What if you were to reverse the gender on the heater and use a male to male adapter as the bowl?

I have considered that, would have to adjust the design a bit as the 20mm coil doesn't fit over the female joint, but it could be done - I just wonder if the load would be too close to the heater in that configuration like some stem based convection portables.



Damn... Earthquake just hit SoCal right now, surprised the shit out of me, thought I was really high for a second... :mmmm:






(...I probably was)
 

invertedisdead

PHASE3
Manufacturer
I think you could turn down the heat if the bowl was closer maybe ?

Probably; but I like how the female jointed bowl looks and feels more like a traditional pipe bowl. :sherlock:

I didn't feel anything here, so I'm pretty sure you're just really high. :spliff:

:peace:

It was like a 4.6 but I never, ever feel them so it tripped me out :science:

It is Friday though... :smug:



... I'm social distancing my vape hits 6 minutes apart :spliff:
 

invertedisdead

PHASE3
Manufacturer
Been doing a lot of reading and vapor geeking; found this pretty interesting.


"An electronic cigarette can be used to simulate and substitute for tobacco smoking. However, electronic cigarettes can create aerosol particles in a size range too small to gravitationally settle in the alveoli of the deep lung. As a result, little or no nicotine delivered by an electronic cigarette can enter the circulatory system. Some nicotine delivered by an electronic cigarette can be slowly absorbed through the gastrointestinal (GI) tract and the buccal tissues of mouth and throat. The pharmacokinetics of nicotine delivered via electronic cigarettes can be much slower than the pharmacokinetics of nicotine delivered by smoked cigarettes; as such, electronic cigarettes can be ineffective in treating acute nicotine cravings."
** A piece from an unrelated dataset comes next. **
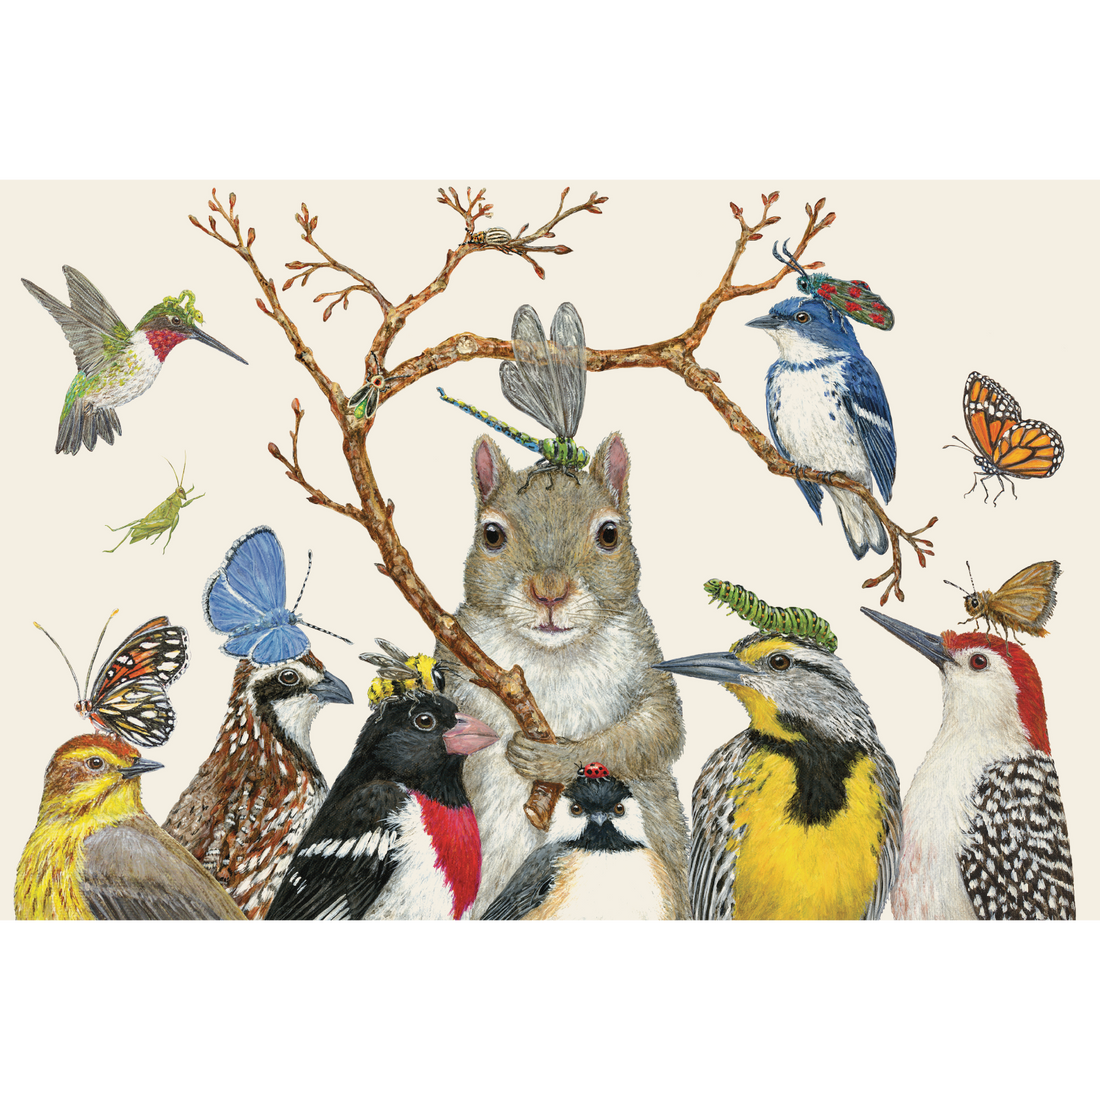 A charming illustration of a squirrel holding a curved twig, surrounded by colorful bird friends, each with a cute bug on its head such as butterflies, dragonflies, a bee and a caterpillar, on a white background.
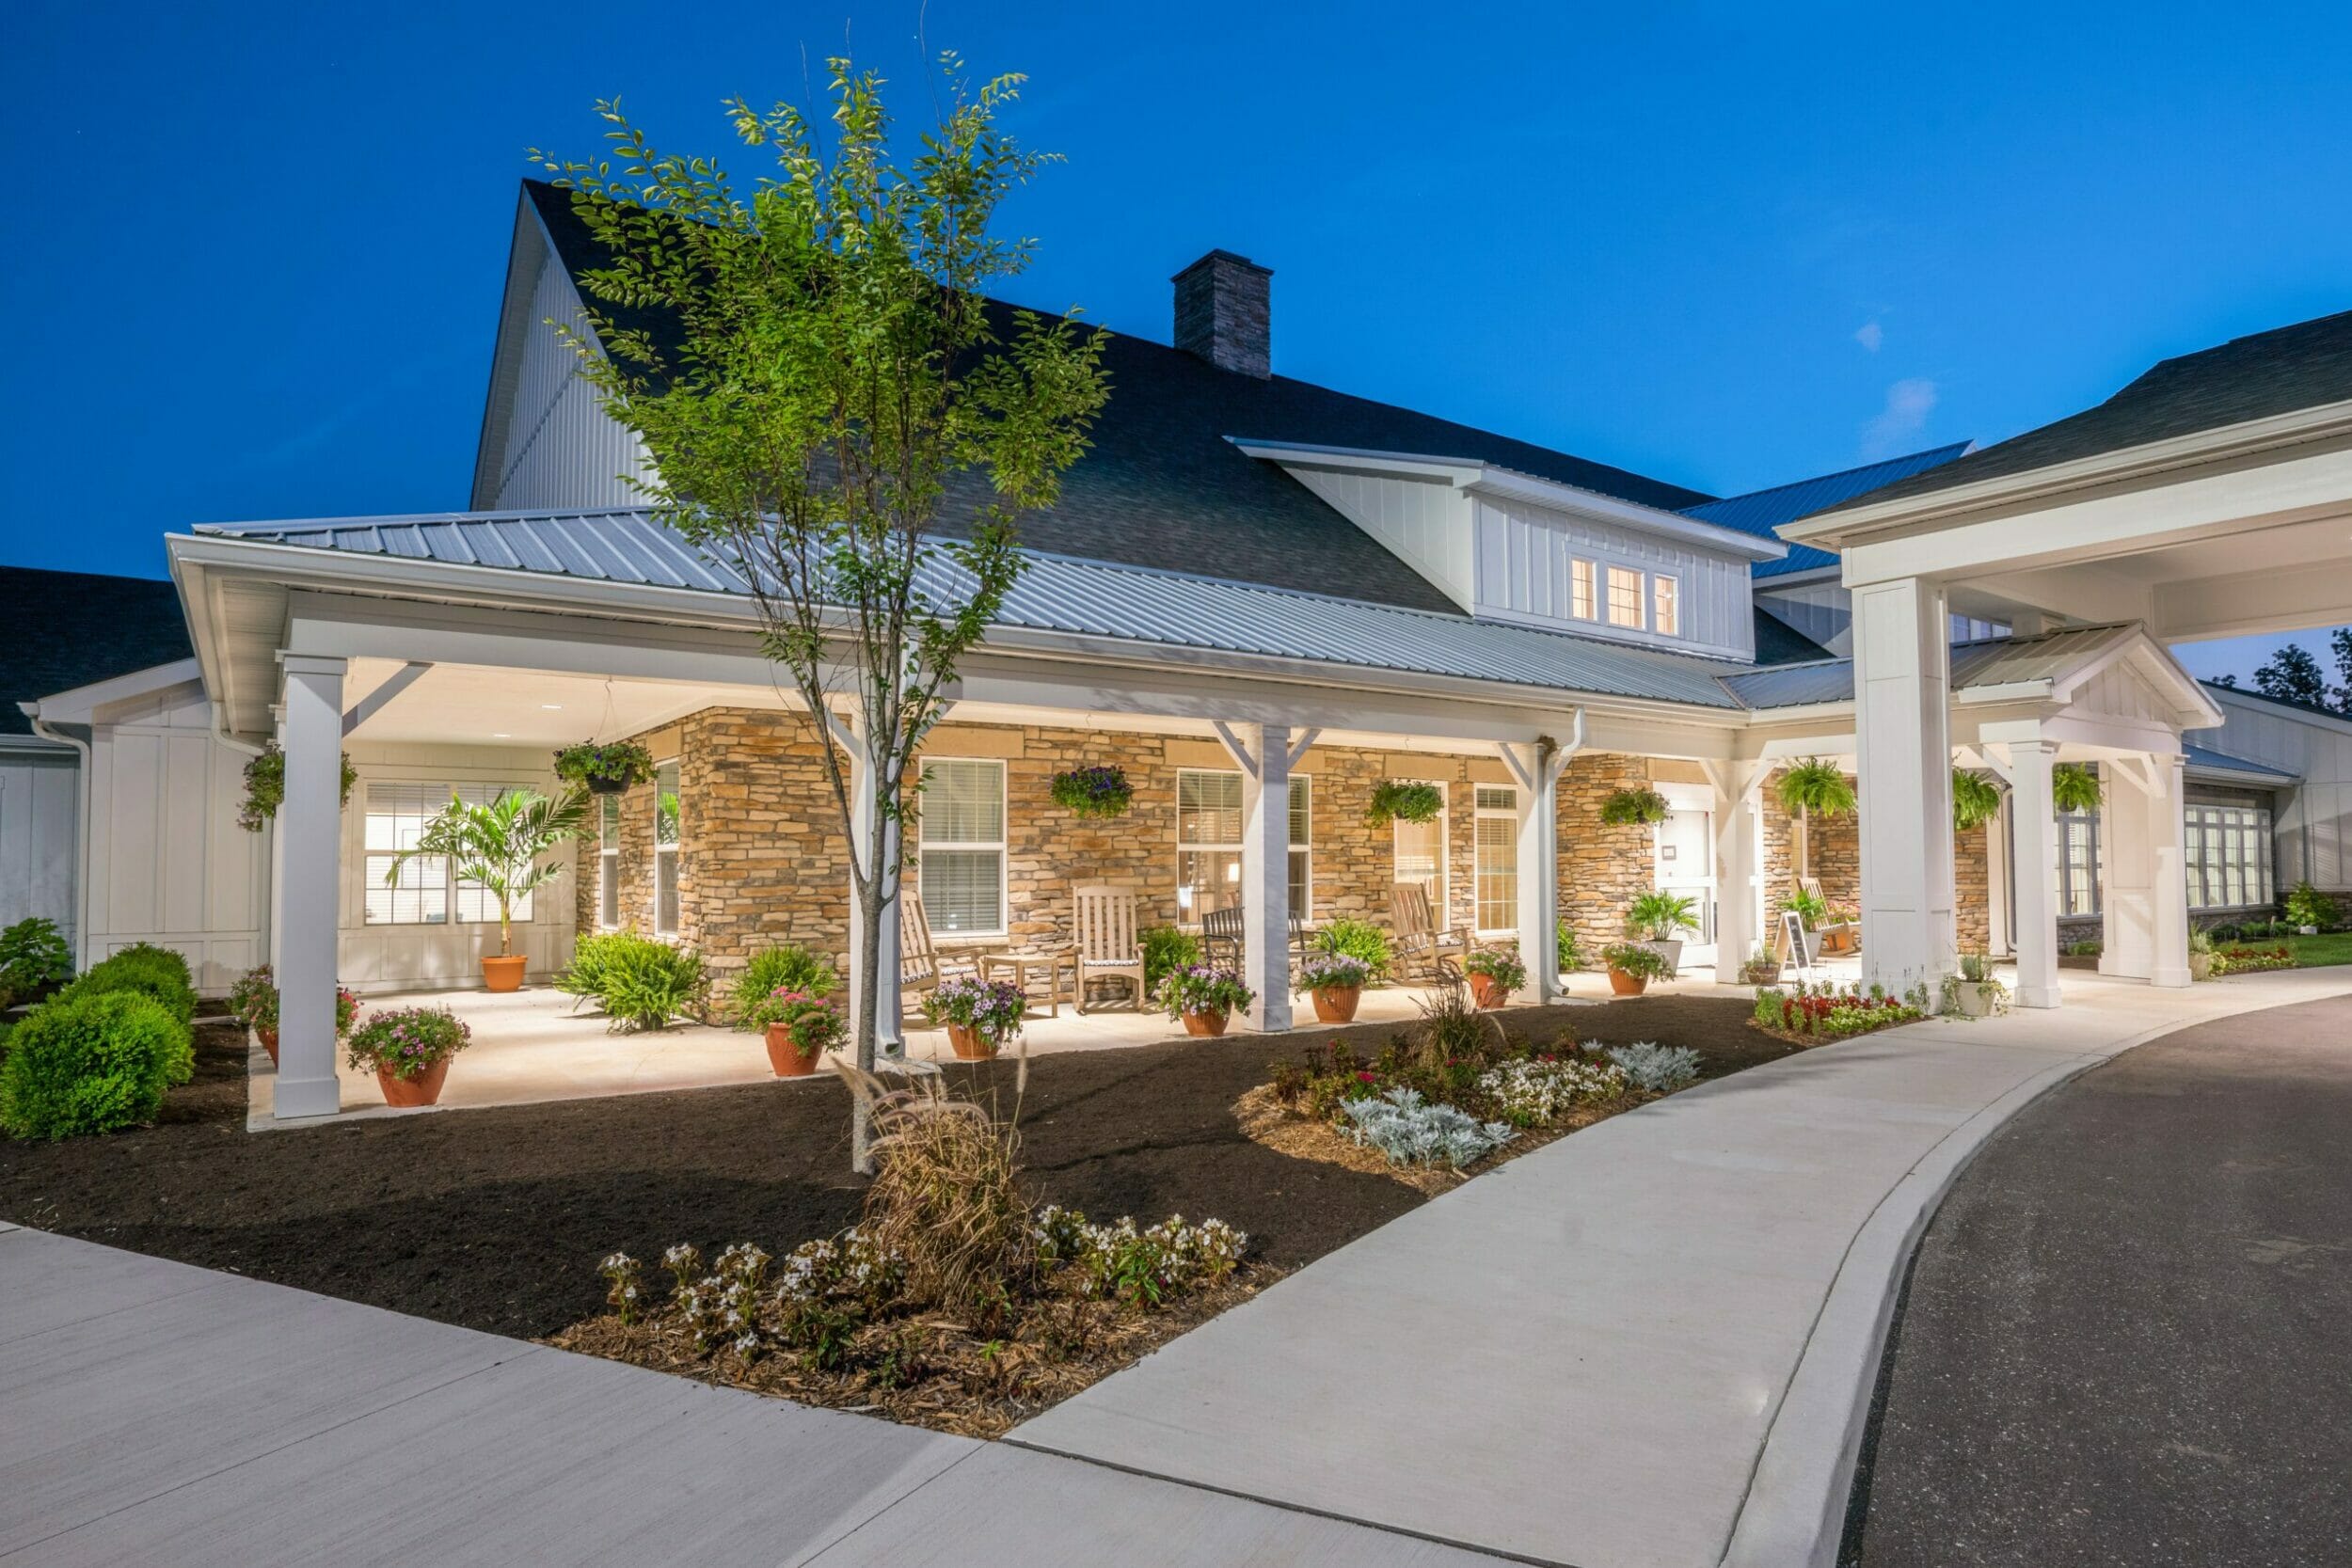 Exterior view of Demaree Crossing senior living at dusk with lit outdoor patio and porte corchere

"The aerosol generating devices provided herein can generate aerosol particles with sizes optimal for deep lung delivery by controlling the linear flow rate for a carrier gas (e.g., air) over a heater element within a device provided herein, wherein a substrate (e.g., liquid nicotine solution) is vaporized upon delivery to or onto the heater element. The linear flow rate for a carrier gas (e.g., air) over the heater upon vaporization of the substrate (e.g., liquid nicotine solution) affects the particle size of the aerosol particles produced by vapor condensation, with more rapid flow rates dilute the vapor such that it condenses into smaller particles. In other words the particle size distribution of the aerosol can be determined by the concentration of the substrate vapor during condensation. This vapor concentration can, in turn, be determined by the extent to which flow of carrier gas (e.g., air) over the surface of the heater element dilutes the vaporized substrate (e.g. liquid nicotine solution). To achieve smaller or larger particles, the flow rate of a carrier gas (e.g., air) through an aerosol generation region of the device comprising the heater element can be altered by (i) modifying (increase or decrease) flow rate through the use of a valve, and/or (ii) modifying the cross-sectional area of the region of the device comprising the heater element (e.g., aerosol generation region) to increase or decrease linear carrier gas (e.g., air) velocity for a given volumetric flow rate."

This is what adjusting the pearl size does, it modifies the flow rate.